All’inizio della geometria come scienza razionale si pensava ad un’unica geometria di un unico spazio –
quello nel quale viviamo – che era intuitivamente e per semplicità pensato piatto.
Fin dal III secolo avanti Cristo questa geometria, considerata come l’unica, vera geometria del nostro
mondo, è stata descritta in termini assiomatici in un’opera che è rimasta famosa: gli Elementi di Euclide.
Euclide in una incisione rinascimentale.
Nel caso del piano, Euclide fissa cinque postulati – proprietà che sono assunte come vere senza bisogno
di dimostrazione – ed a partire da questi postulati dimostra in maniera rigorosa le altre proprietà delle figure.
Il metodo assiomatico, che ha fatto la sua prima comparsa negli Elementi, è considerato tutt’ora il metodo scientifico, il metodo deduttivo per eccellenza.
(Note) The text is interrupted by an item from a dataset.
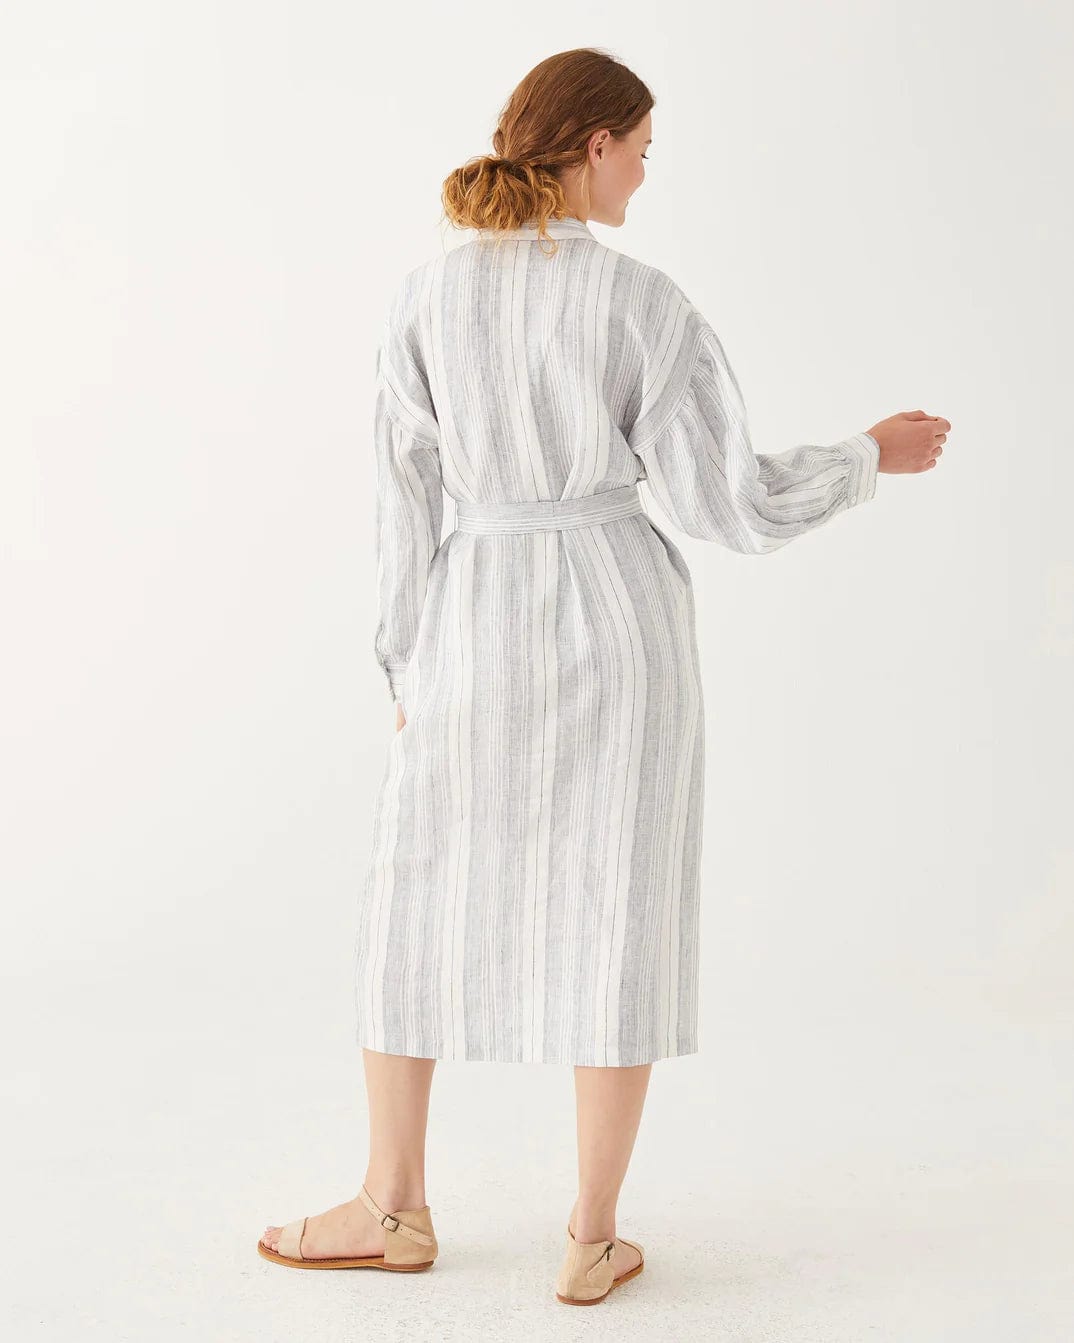 Mersea Women's Dresses Como Linen Dress

Tuttavia, subito dopo la comparsa degli Elementi di Euclide,
la comunità scientifica – matematici, fisici, filosofi della natura – ha sollevato alcune perplessità sul V ed ultimo
postulato della geometria piana – il cosiddetto Postulato delle parallele.
Ecco una formulazione del postulato delle parallele, diversa ma equivalente a
quella data da Euclide:
In un piano, dati una retta ed un punto fuori di essa, esiste un’unica retta passante per il punto e parallela alla
retta data.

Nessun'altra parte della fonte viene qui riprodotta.